### WORK ITEM
Quote exactly, and only, the lines from the one containing "Three Sumerian red jasper ram amulets" through the end of the material below. Skip pictures.

### GIVEN INFORMATION
------------------------------------------------------------
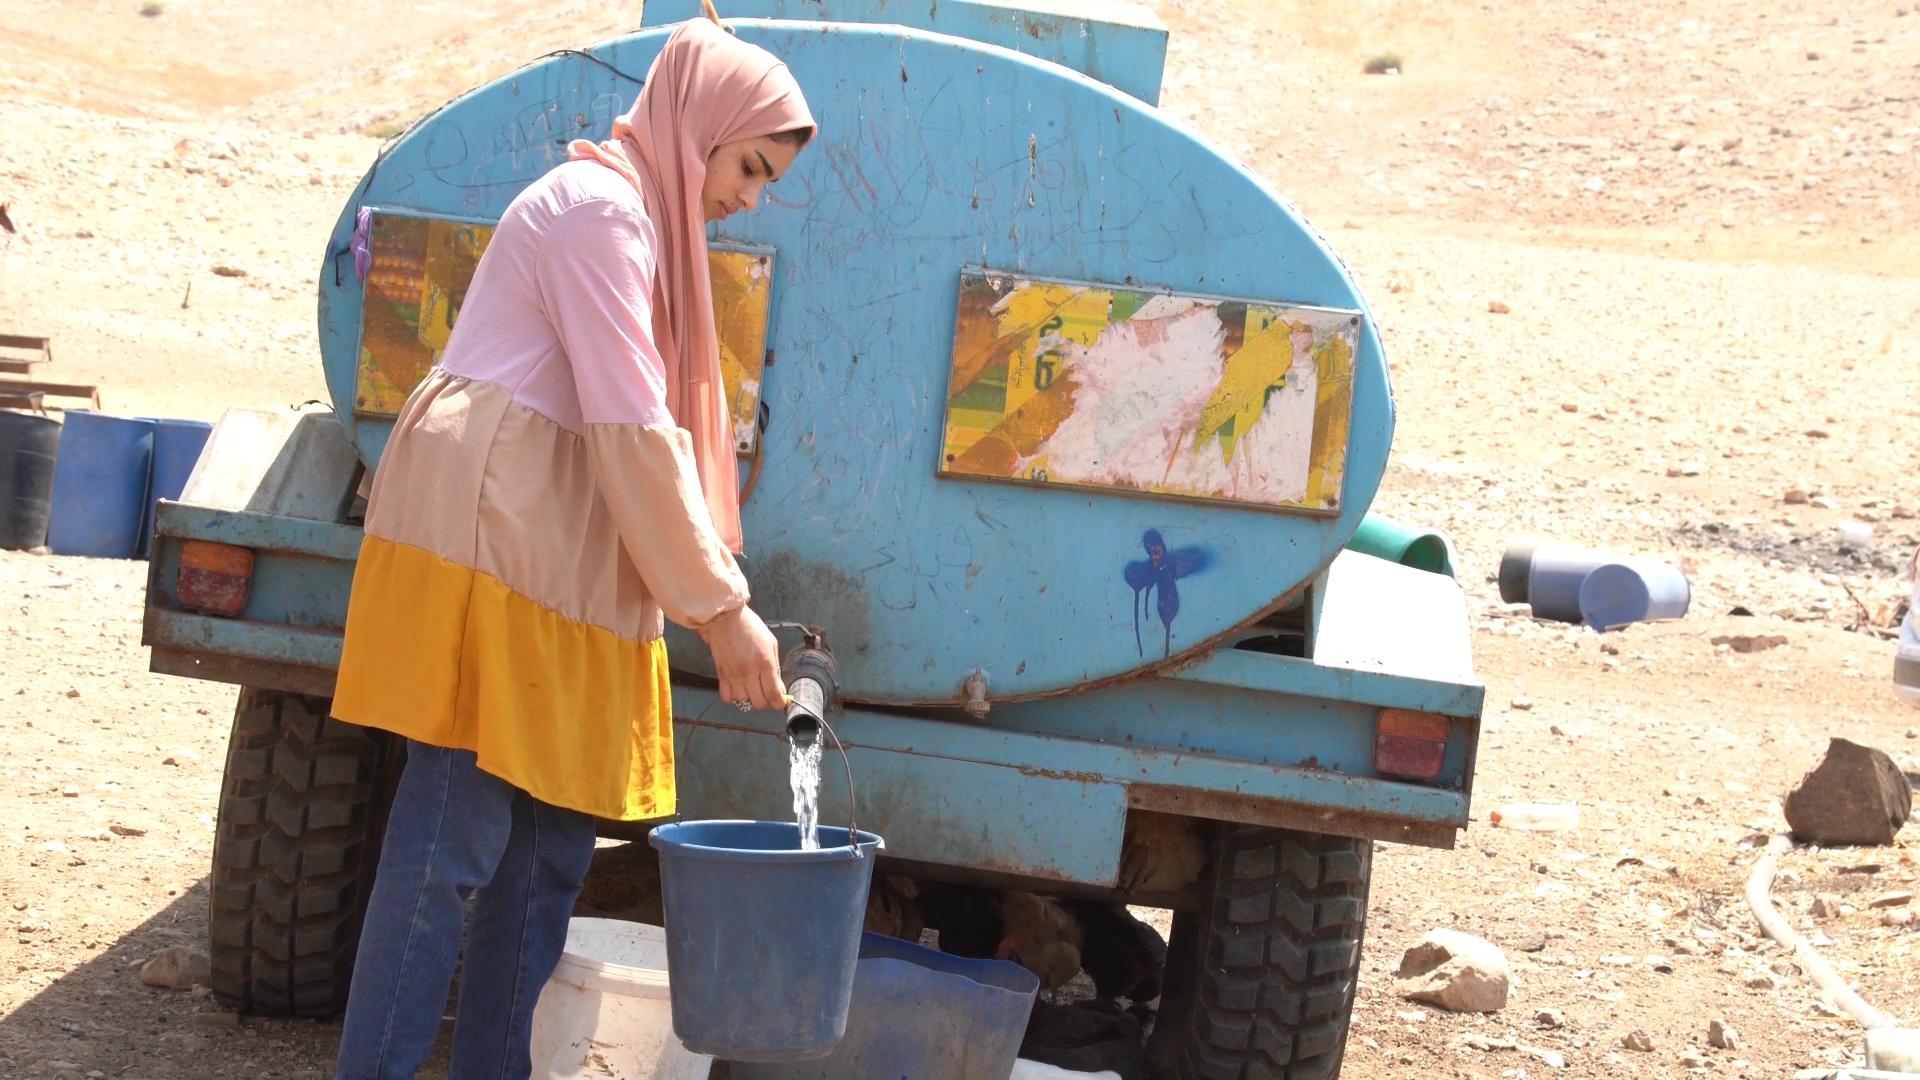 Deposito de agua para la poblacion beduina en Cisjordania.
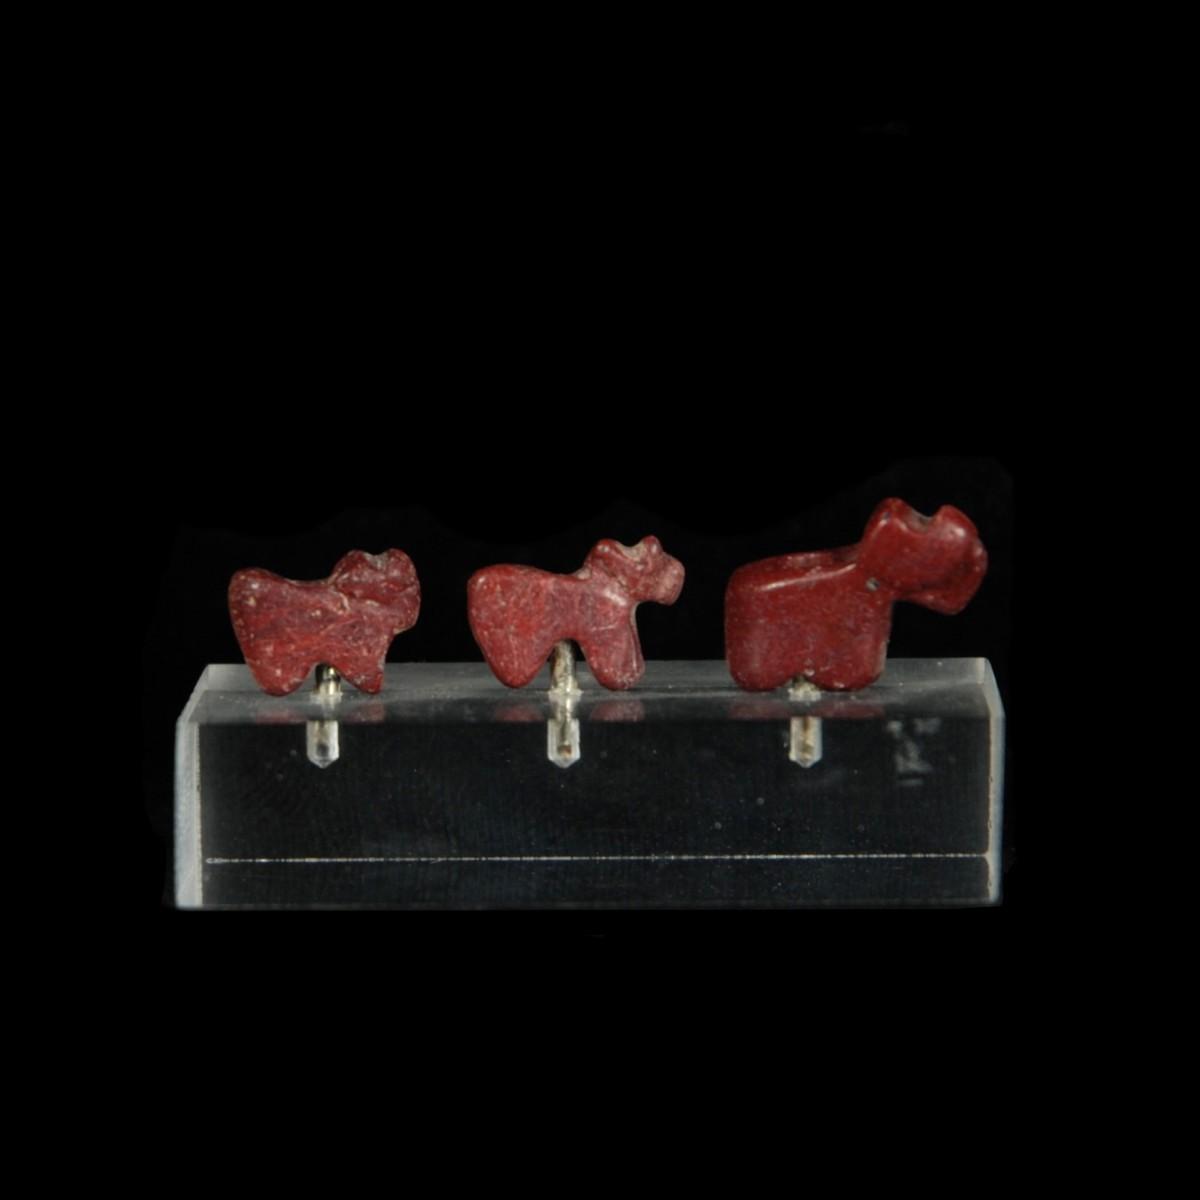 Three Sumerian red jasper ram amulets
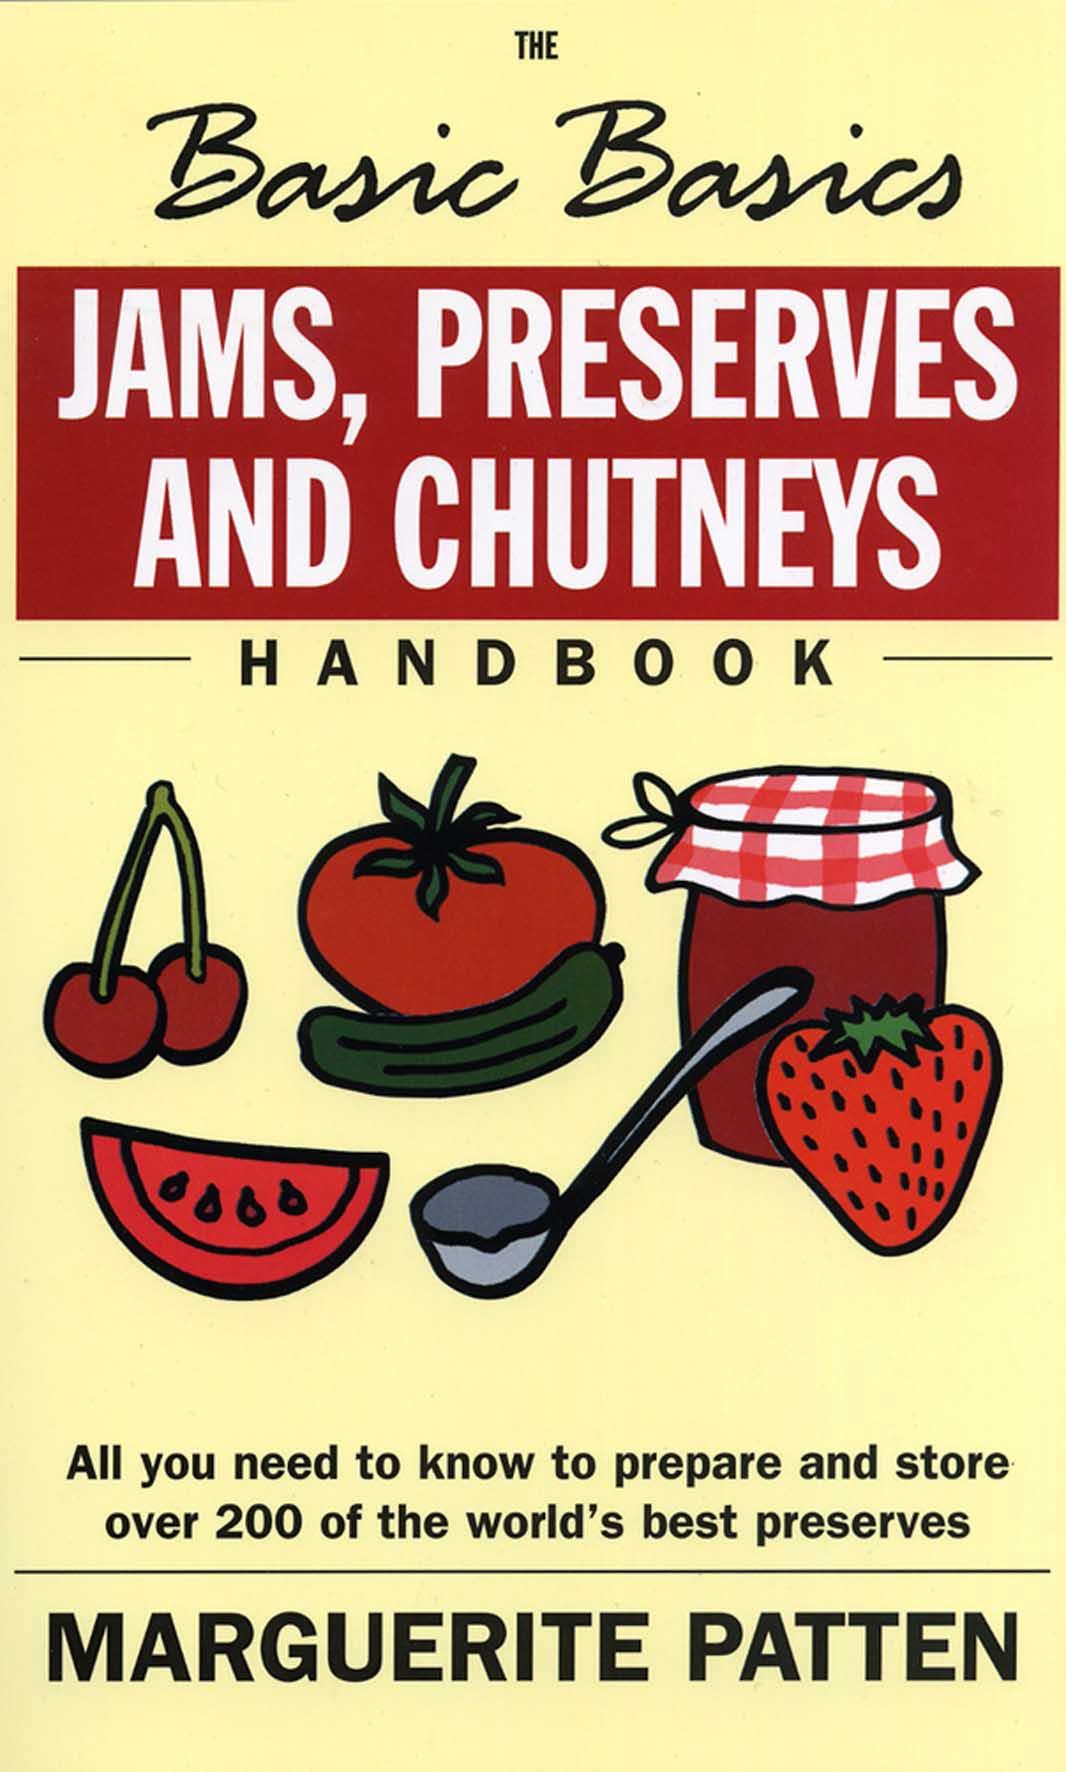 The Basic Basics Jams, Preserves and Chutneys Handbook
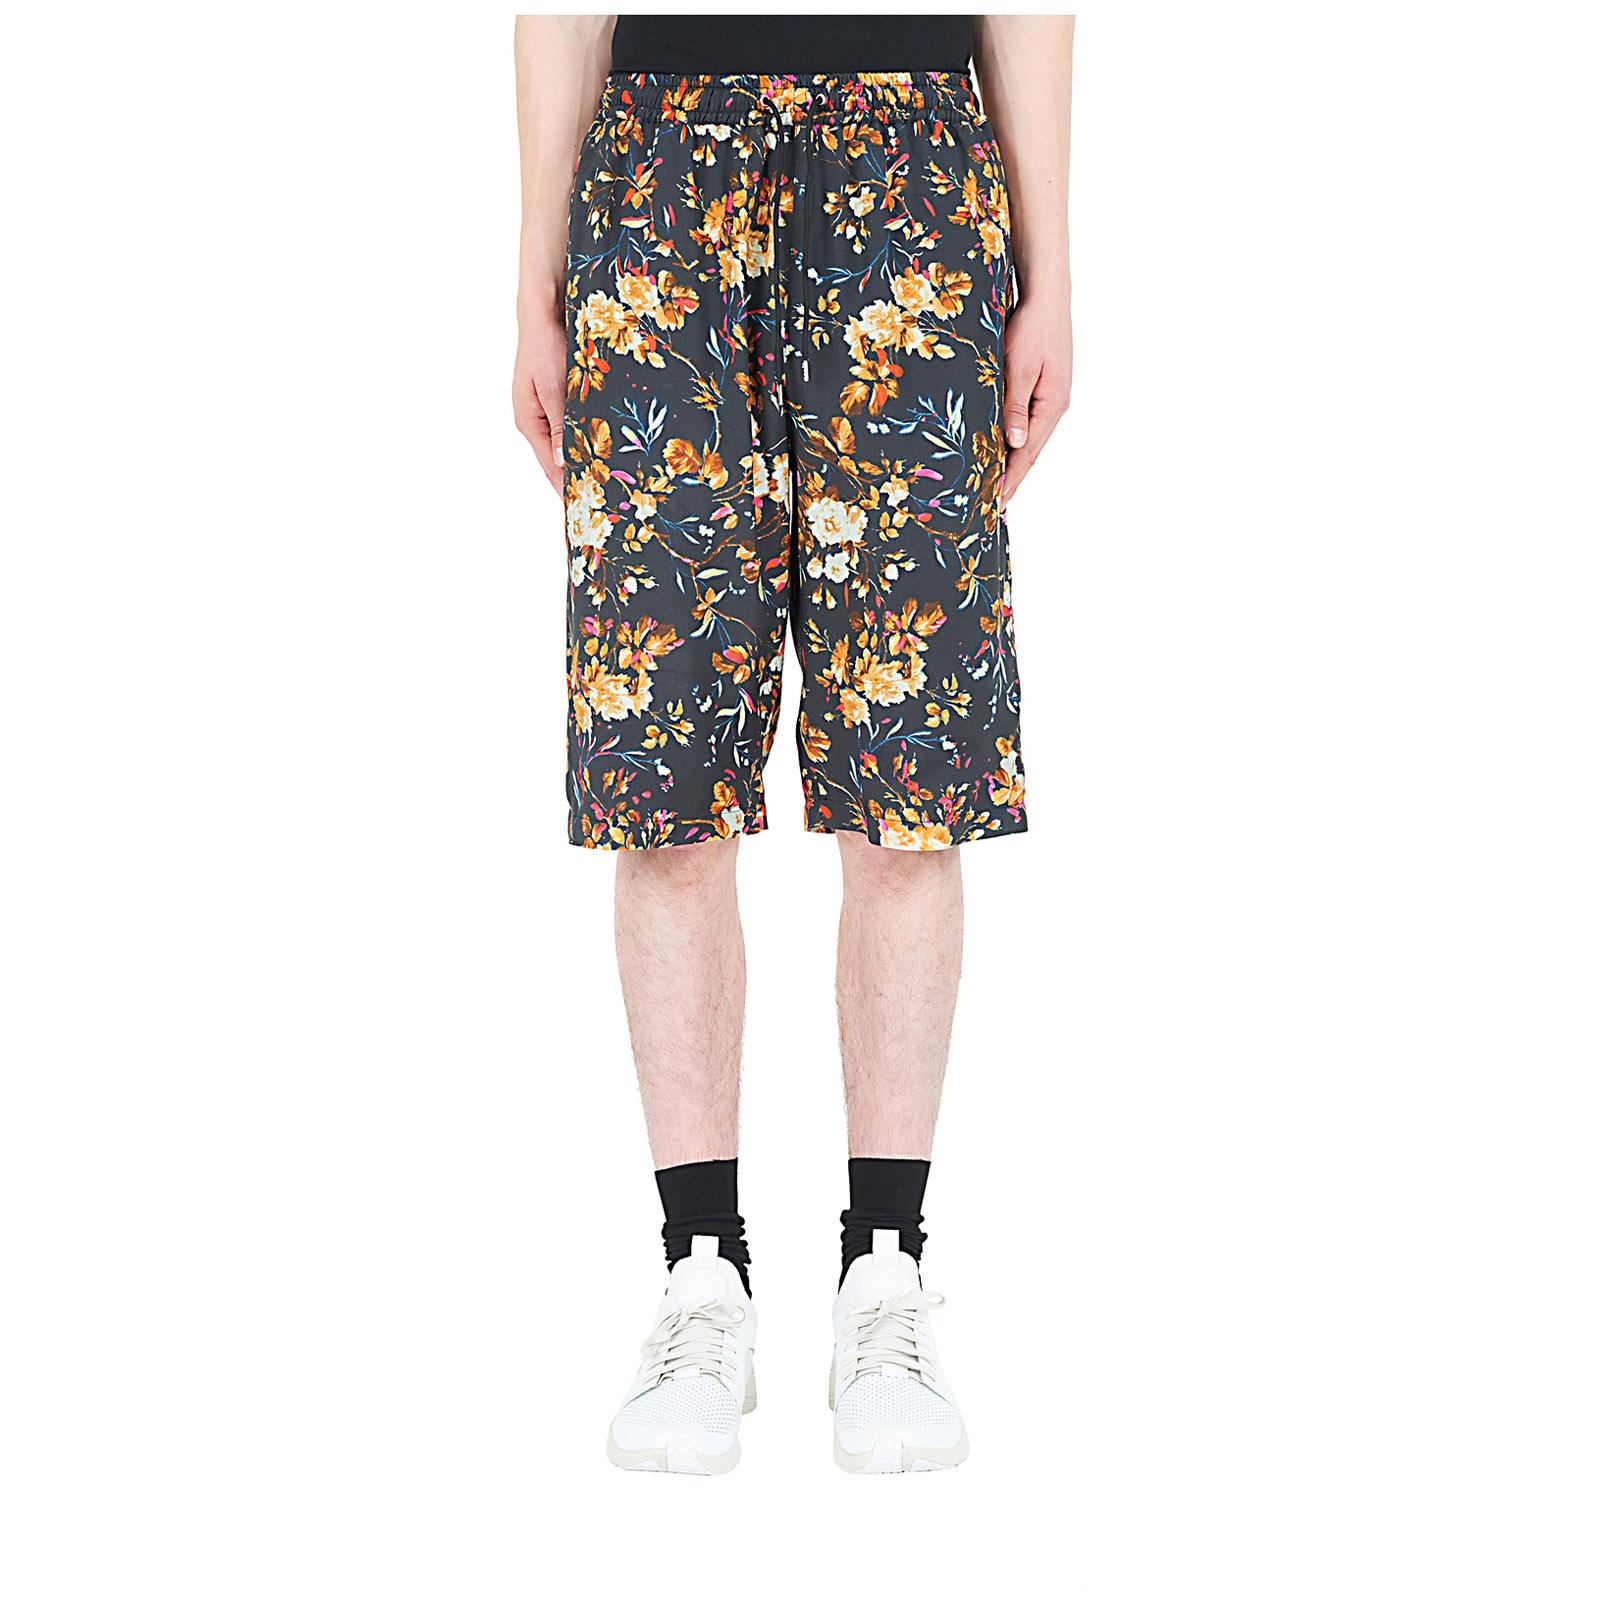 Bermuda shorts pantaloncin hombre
------------------------------------------------------------
### RESPONSE FOR THIS EXERCISE
 Three Sumerian red jasper ram amulets
 The Basic Basics Jams, Preserves and Chutneys Handbook
 Bermuda shorts pantaloncin hombre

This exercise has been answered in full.